Q: Who would you rather: Zach Morris or Zac Efron?
A: I love Zach Morris, but I think Zac Efron is hotter, so Efron.
Q: Could you take Miley Cyrus in a steel cage match?
A: For sure. She’s young and probably not as strong.
Q: What is the sluttiest Halloween costume you have ever seen?
A: I went to the Dome on Halloween once, and there was a guy dressed as a penis.
Q: You had the privilege of going to Croatia this summer. I hear that they have nude beaches there. See any old man balls?
A: So many I lost count.
Q: Which member of New Kids On The Block would you least like to see in a whip cream bikini?
A: Jordan.
Q: Some of the girls on your team play the position of hooker.

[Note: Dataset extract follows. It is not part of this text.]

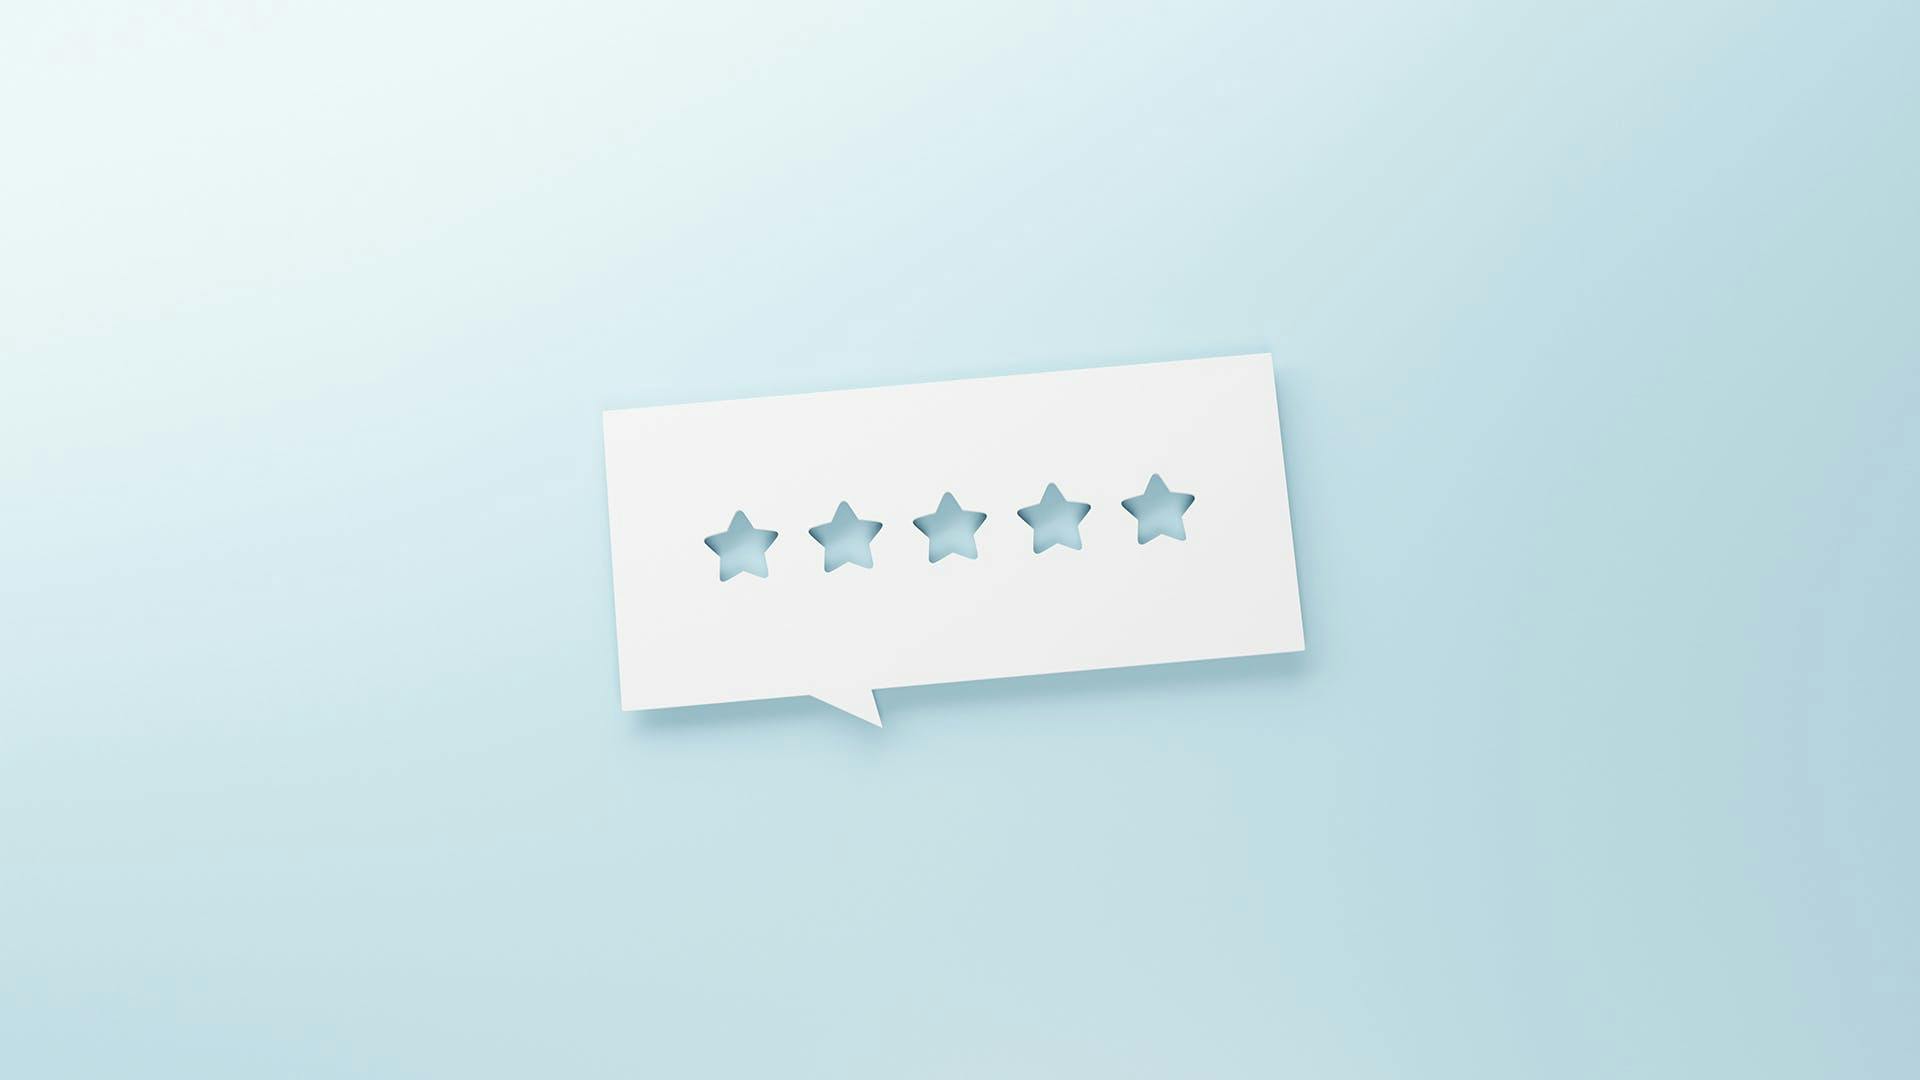 An image of a white chat bubble with five stars in the center. The stars are cut out of the paper chat bubble so that you can see the blue background underneath. The image represents an online review that marketing teams may find or manage using an online reputation management software.

Which bar star on the squad lives up to that title?
A: Ryan a.k.a. “Pooey” is the biggest bar star of the guys and girls rugby teams.
Q: Would you break up with your boyfriend if his nightlight was a fully functional donair spit?
A: Well, I wouldn’t be sleeping over as often.
Q: Would you get back together with him if he also had a blue slushie machine?
A: That would definitely bring me back!
Q: Can you name the truck that’s four lanes wide, it smells like steak and seats 35?
A: I believe that would be the Canyonaro, 65 tons of American Pride.
Q: If you were the father in the film Honey I Shrunk the Kids and you were starving, would you eat that bowl of cereal knowing that your shrunken children are in it?
A: It depends on the type of cereal.